# [OT] Buon anno!!!

## Diggs

Colgo l'occasione per gli auguri di Buon Anno.   :Wink: 

Che questo 2004 ci porti belle cose! [GENTOO in primis!!!].

 :Wink: 

----------

## Sparker

Auguri!!!!

Anno felice a tutti!

Che i vostri processori resistano a Gentoo per tutto il prossimo anno!

----------

## randomaze

 *Sparker wrote:*   

> 
> 
> Che i vostri processori resistano a Gentoo per tutto il prossimo anno!

 

Gentoo a capodanno, gentoo tutto l'anno... così diceva un vecchio adagio   :Laughing: 

Auguri a tutti

----------

## Sym

Buon anno a tutti ragazzi   :Smile: 

----------

## cataenry

buon anno a tutti   :Razz:   :Razz:   :Razz: 

----------

## vificunero

buon anno a tutti anche da parte mia.   :Smile: 

----------

## micron

Auguroni anche da parte mia!  :Very Happy: 

----------

## Peach

il 2003 è morto!

evviva il 2004!

----------

## Panda

 *Quote:*   

> tre... due... uno...
> 
> credii... di essere il migliore anno del futuro... non lo sai che l'anno prossimo c'e' l'odissea nello spazio... senti il peso delle responsabilita'... non ci pensi a quelli che verrano dopo tipo il 4000, il 6000, il 19000, il 3000, tipo il 98003, poi 100.000.... non sei nessuno.... ti credi il futurooo, ma futuro non sei...
> 
> nel 100.000 l'uomo si sara' evoluto ed avra' fatto tutto, la natura si sara' rimboschita poi e volare non sara' un problema... con un filo d'erba salvero' l'umanita'... con le brachie salveremo chi non sa nuotare... e voleremo con facilita'...
> ...

 

Con queste commoventi righe di Elio e le storie tese auguro a tutti (ma  proprio tutti) un 2004 sereno... in questo mondo di merda pieno di fame e guerre e sofferenze forse davvero con un filo d'erba ciascuno potremmo salvare l'umanita'...

----------

## alexbr

Auguro un 2004 pieno di newbe!  :Cool:   :Cool:   :Cool: 

----------

## shev

Tzè, non è ancora finito quest'anno e già pensate a quello nuovo... contenti voi: buon anno!  :Laughing: 

 :Wink: 

----------

## stefanonafets

 *Quote:*   

>  Tzè, non è ancora finito quest'anno e già pensate a quello nuovo... contenti voi: buon anno!   

 

Shev coglie sempre il punto...

Chi ti dice che ci arrivi al 2004???  :Shocked: 

 :Laughing:  Bè, una bella grattatina non ci sta certo male qui...  :Laughing: 

Scherzi a parte, BUON 2004!!!!!!!!!!!!!!!!!!!

(ricordate: chi non tr.. compila a capodano, non compila tutto l'anno!!!)

[E come disse il vecchio saggio alla tipa che gli diceva "Caro, ho fame...", in un impeto di benevolenza rispuose :"Okkei bella, trova del pane che la salsiccia ce la metto io...]

----------

## xlyz

buon 2004!!!

e già che ci siamo: buona befana (prima che qualcuno apra un thread apposta   :Very Happy:  )

----------

## Yota_VGA

Auguri di buon anno a tutti, e quest'anno con gentoo 2004  :Very Happy: 

----------

## fedeliallalinea

Faccio anche io il mio augurio di buon anno a questo fantastico forum.
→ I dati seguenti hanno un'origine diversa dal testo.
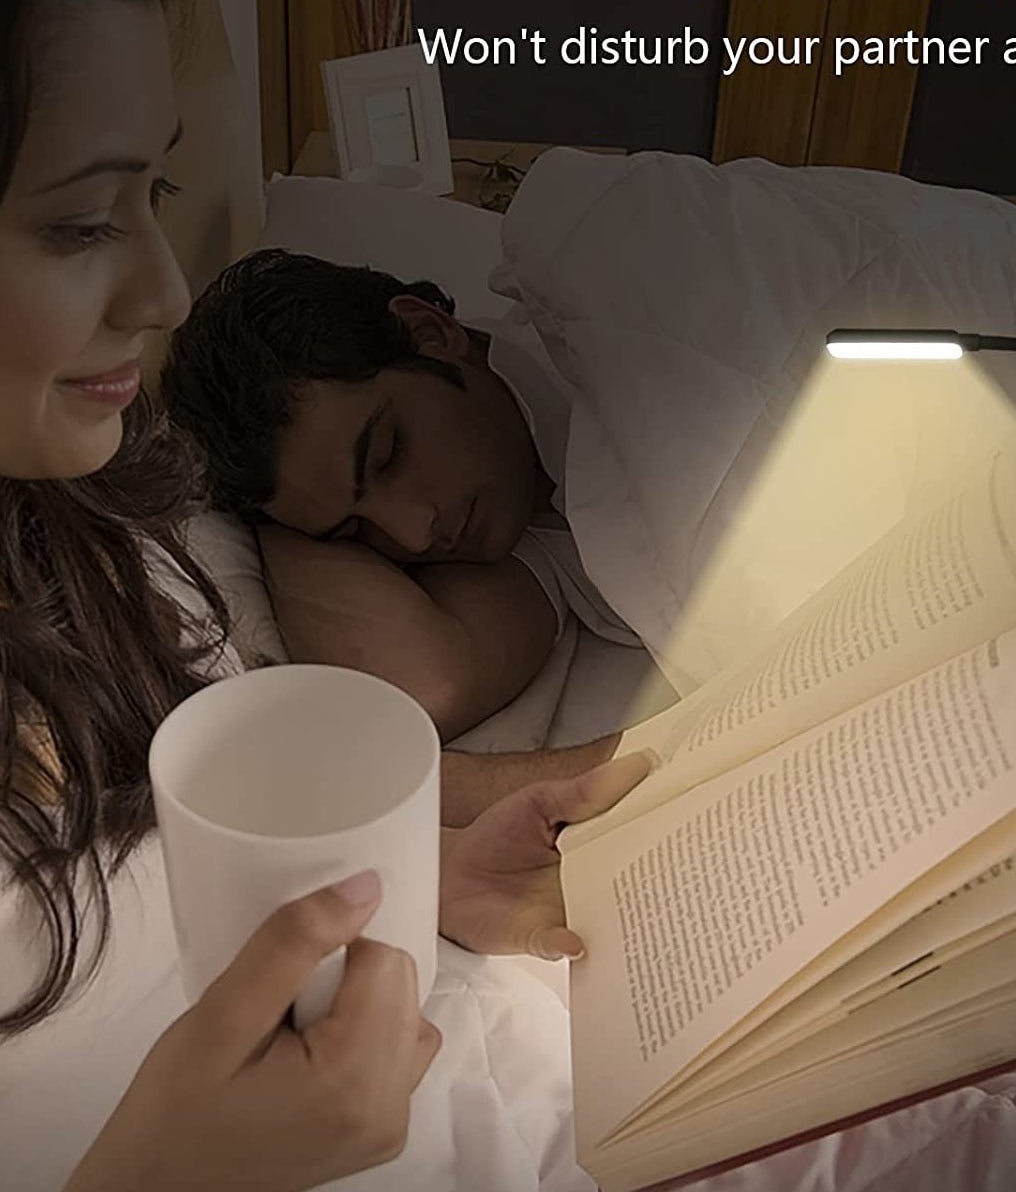 The lamp clipped to a book while a person reads in the dark next to their sleeping partner

Grazie a tutti.

----------

## popposoft

volevo unirmi anche io agli auguri, appena in tempo prima che questo 2003 vada in fumo!!!

se vedemu tra un anno  :Razz: 

----------

## Peach

nella frenesia globale per i preparativi alla notte tra i due anni qualcuno ha sperato questo: 

«chissà che il mondo finisca prima che io possa decidere cosa fare la notte di capodanno»

----------

## comio

eppi niu iar a tutti!  :Smile: 

(io odio i modem! che e' peggio)

----------

## MyZelF

Buon anno!  :Smile: 

----------

## -YoShi-

Ops.. Quasi mi dimenticavo   :Embarassed: 

BUoN AnNo ! ! !

----------

## lopio

ciao buon anno anche da parte mia    :Very Happy:   :Very Happy: 

----------

## tolipth

Buon Anno

----------

## paolo

Eccomi fresco fresco nel 2004!

Auguro a tutti un buon 2004 pieno di salute ed amore!  :Smile: 

P.

----------

## emix

Mi associo agli auguri di tutti...

BUON 2004.1, .2, .3, ecc  :Laughing: 

----------

## Benve

Anche io faccio tanti auguri a tutti.

Chissà che porterà questo 2004

----------

## Allanon

Auguri anche da parte mia.

 :Very Happy: 

----------